The man turns towards the sound of her voice looking as nervous as she feels, then he smiles at her, a disarming smile that is too familiar for her comfort. He takes three steps towards her and stares as if she were the person out of place here, and she wonders for a moment if he'd been staying in the cabin illegally while it had been deserted, if somehow she'd kicked him out of a home that he thought should be his.

"Regina Mills?" he asks, and she hesitates before nodding, now thinking perhaps he was one of the painters she'd hired from her apartment in New York when she'd decided to relocate. Then he laughs, no—chuckles, and he runs his fingers through a mop of brown hair, biting his lower lip in a manner that makes her heart stand still. She sees what remains of childhood freckles, and she thinks he must have been a cute boy, a boy who is now watching her too closely for someone she's never met.

"Do I know you?" she questions, remaining rooted to her spot, thinking that perhaps her passing thoughts about getting a dog were more intelligent than she'd originally judged them to be.

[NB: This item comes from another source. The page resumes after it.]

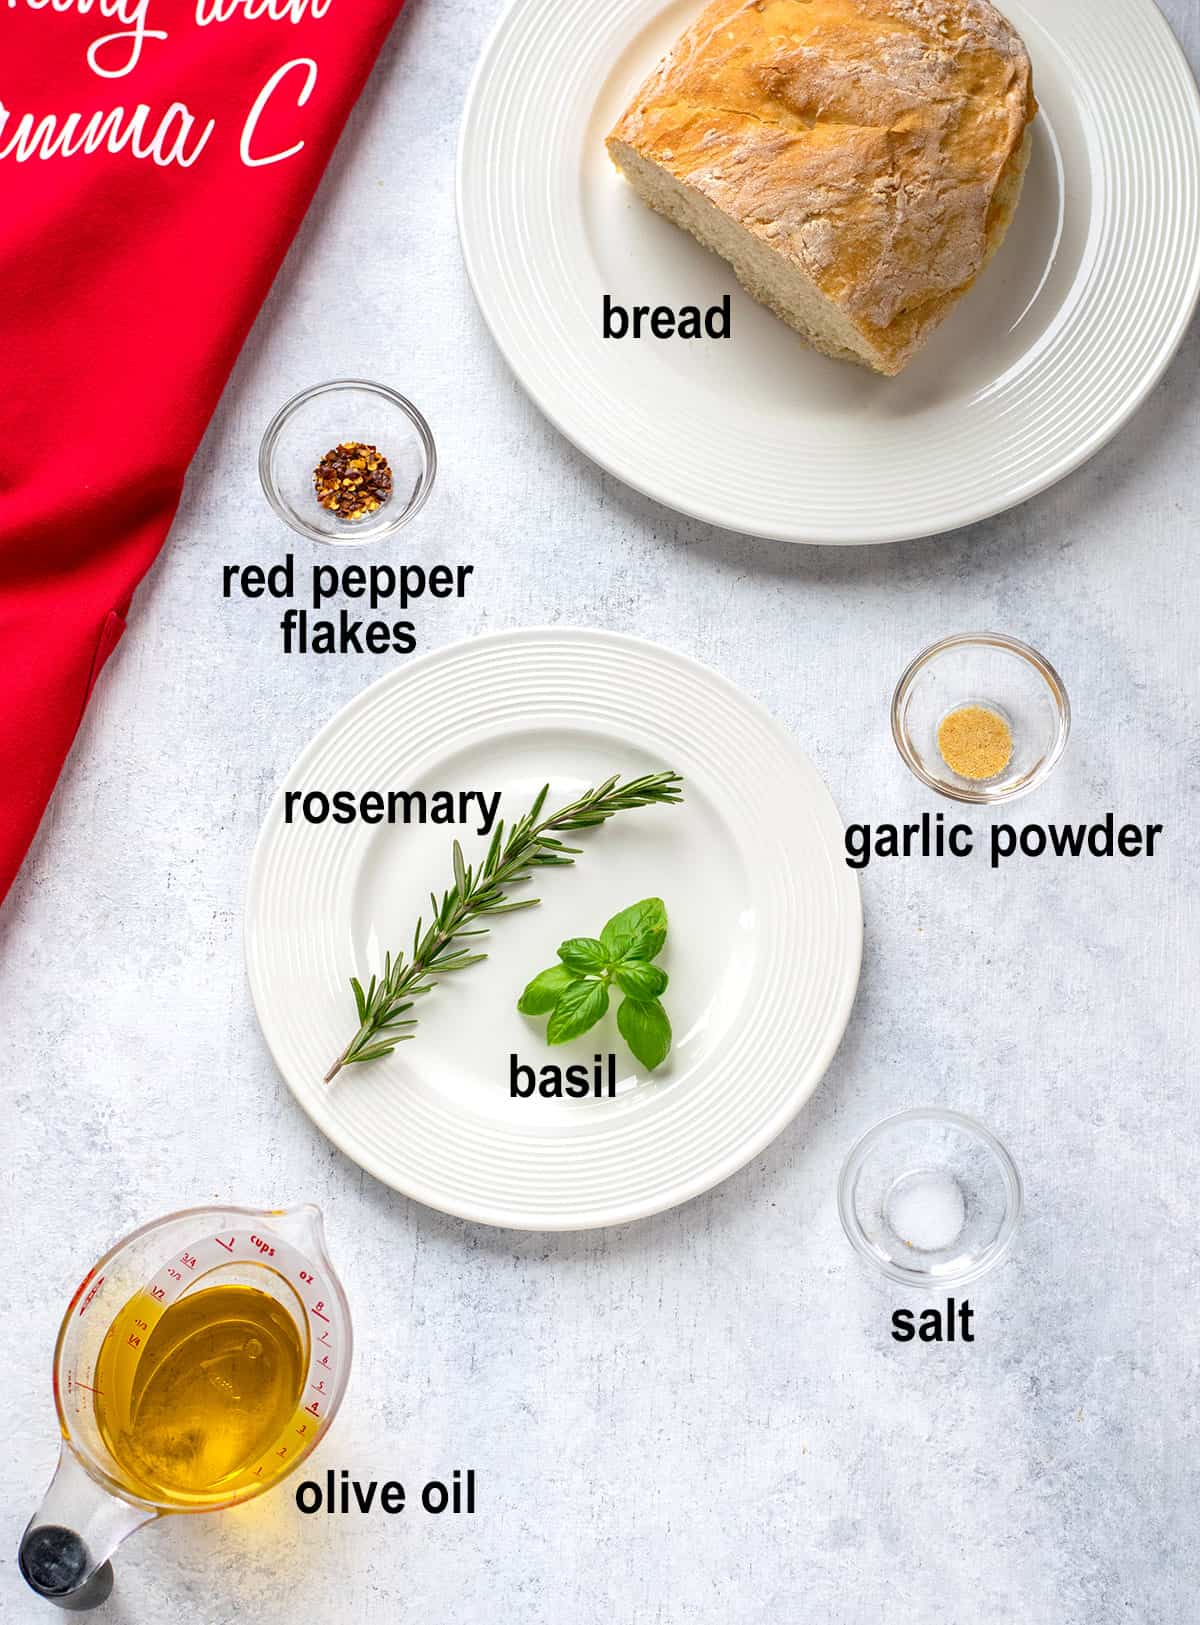 bread, red pepper flakes, rosemary, garlic powder, basil, olive oil, salt.

"No," the young man answers, shoving his hands even deeper into his pockets. "You don't. But you will."

"I don't understand," she begins, her mouth going dry as something begins to pound against her skull. He is familiar yet foreign, and her mind is spinning as her feet go numb, reality crashing in on her from all directions at once before she has time to prepare herself.

"My name is Henry," he states, tugging out one hand and extending it decisively in her direction. "And I'm your son."